_Supplied records_.

[Start of section]

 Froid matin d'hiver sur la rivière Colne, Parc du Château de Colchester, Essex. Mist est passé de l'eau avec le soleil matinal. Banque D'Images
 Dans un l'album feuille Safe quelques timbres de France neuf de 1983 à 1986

[End of section]
[Start of section]

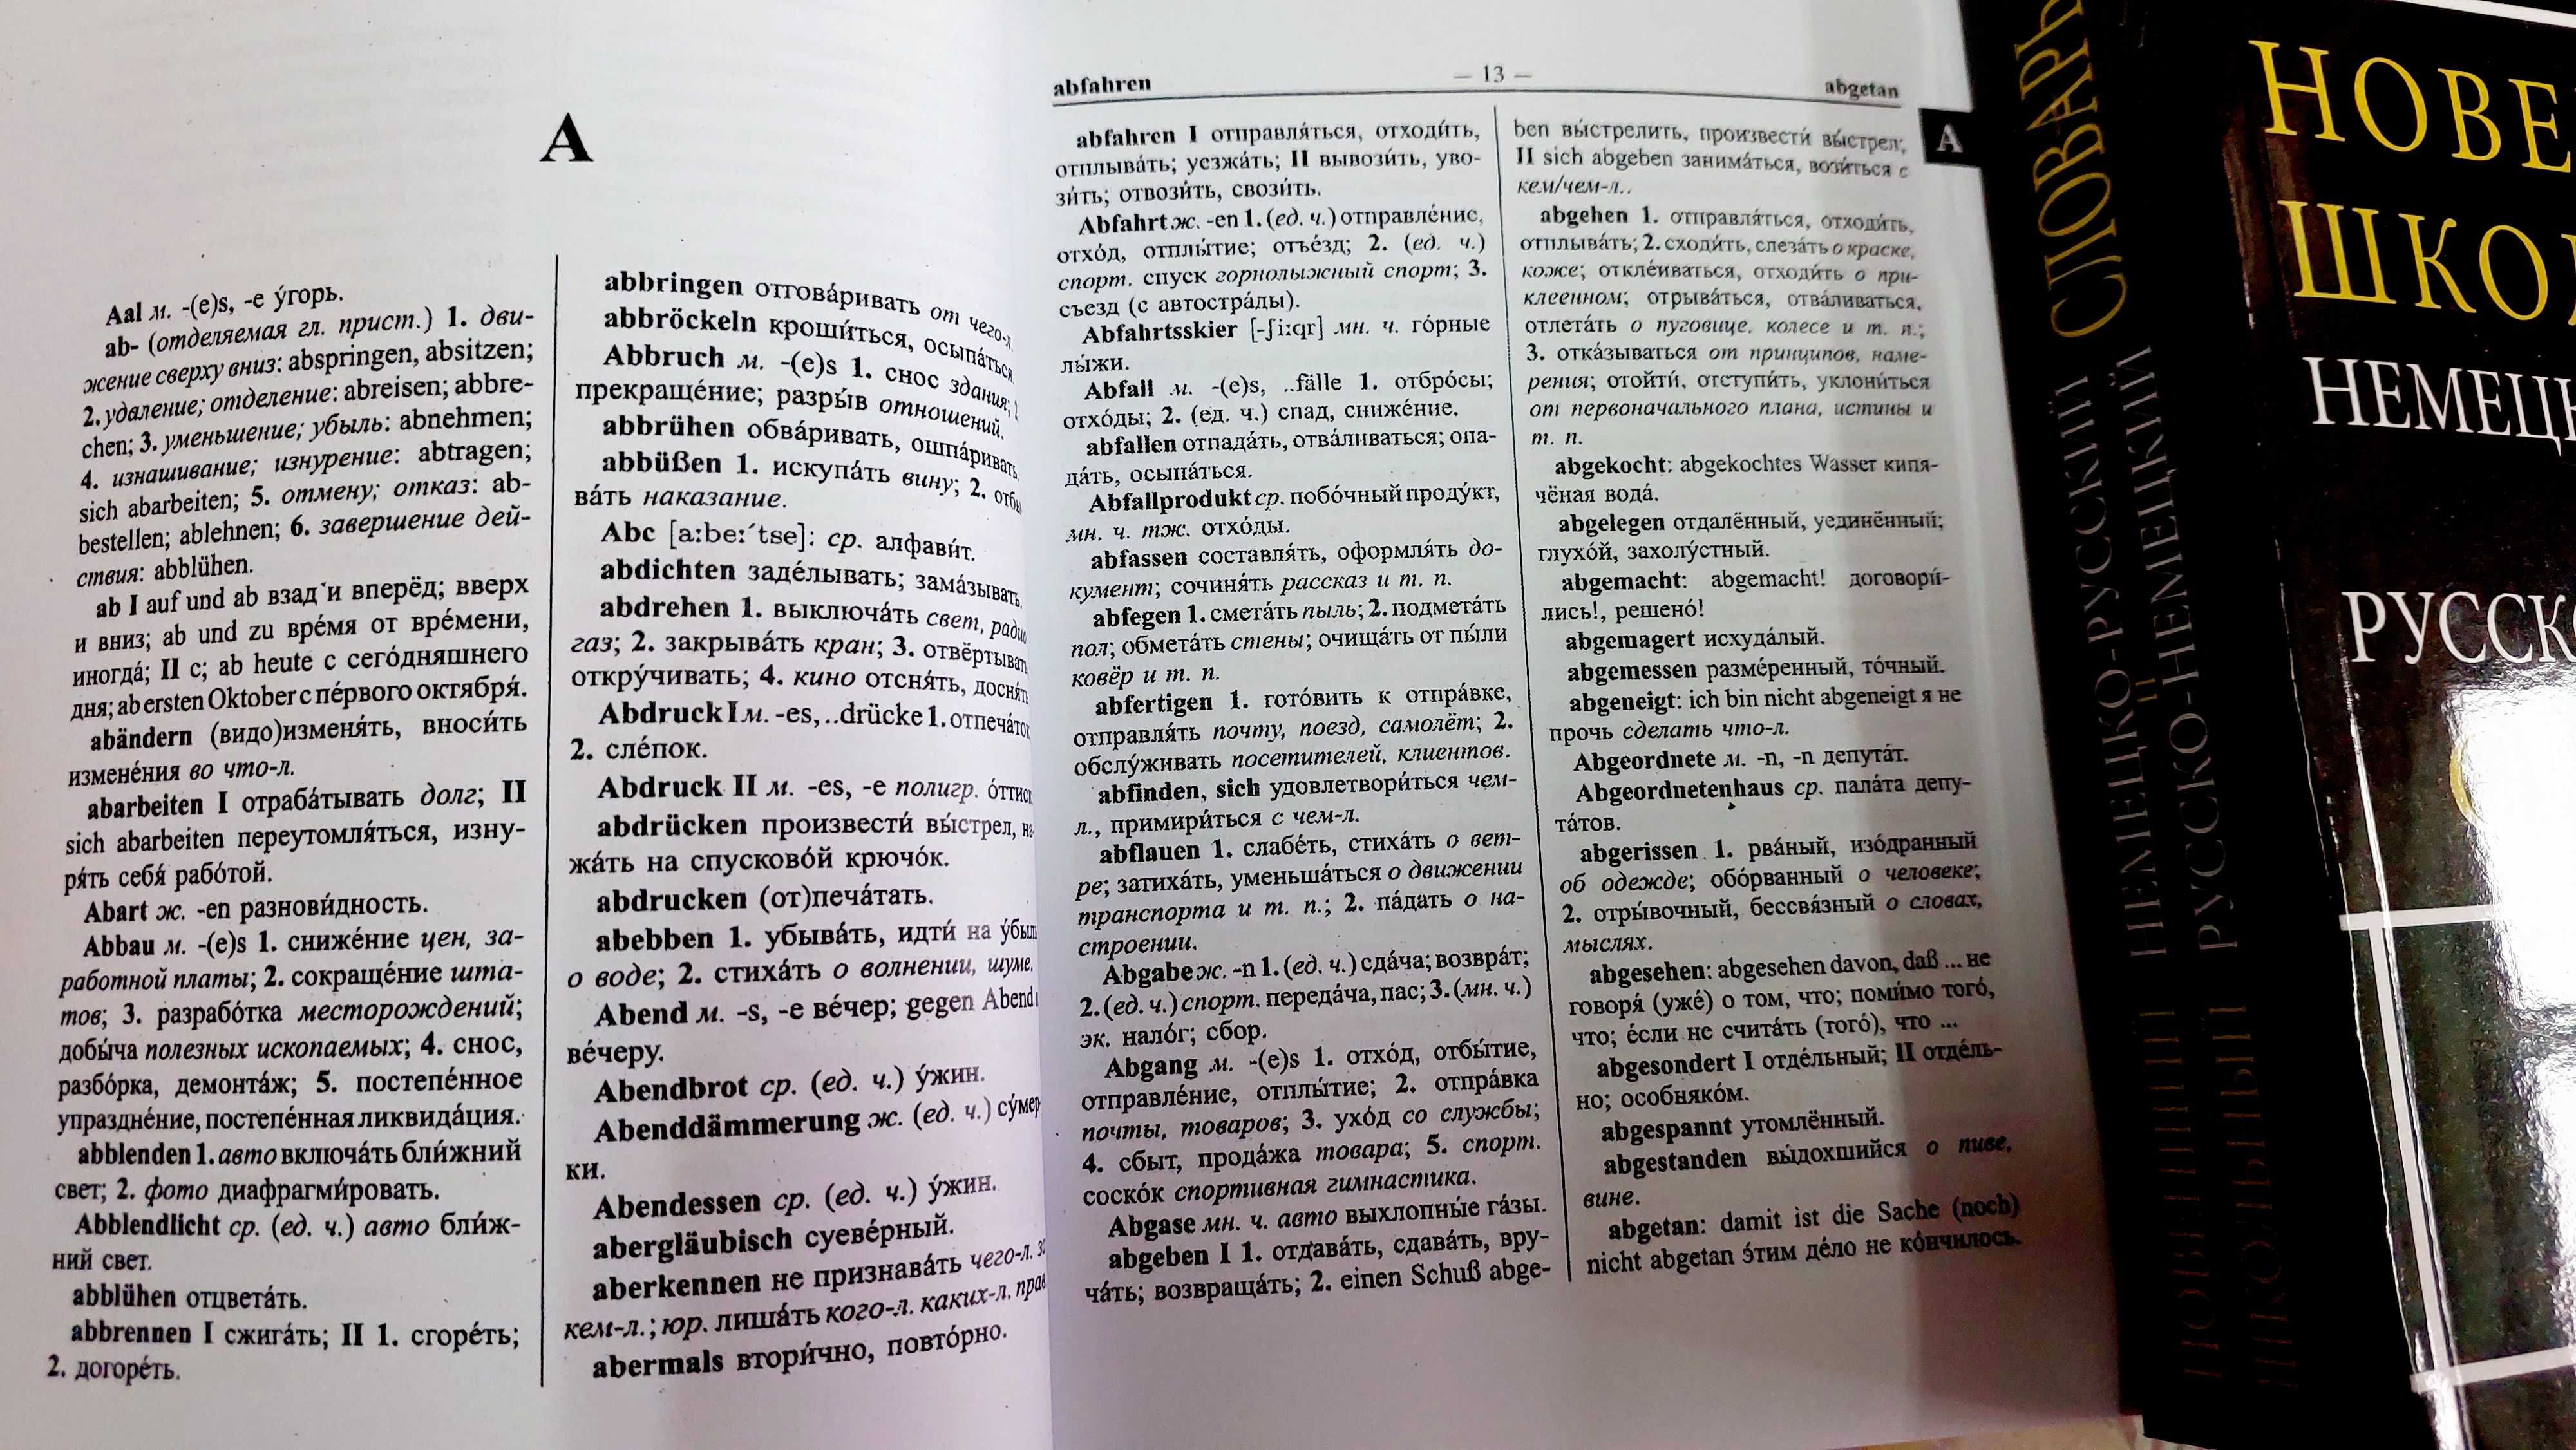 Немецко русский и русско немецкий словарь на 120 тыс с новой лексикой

[End of section]

_What the exercise asks_.
Please copy the lines above from the line with "Froid matin d'hiver" up to and including the line with "Dans un l'album", exactly as written and with nothing else.

_Response below_.
 Froid matin d'hiver sur la rivière Colne, Parc du Château de Colchester, Essex. Mist est passé de l'eau avec le soleil matinal. Banque D'Images
 Dans un l'album feuille Safe quelques timbres de France neuf de 1983 à 1986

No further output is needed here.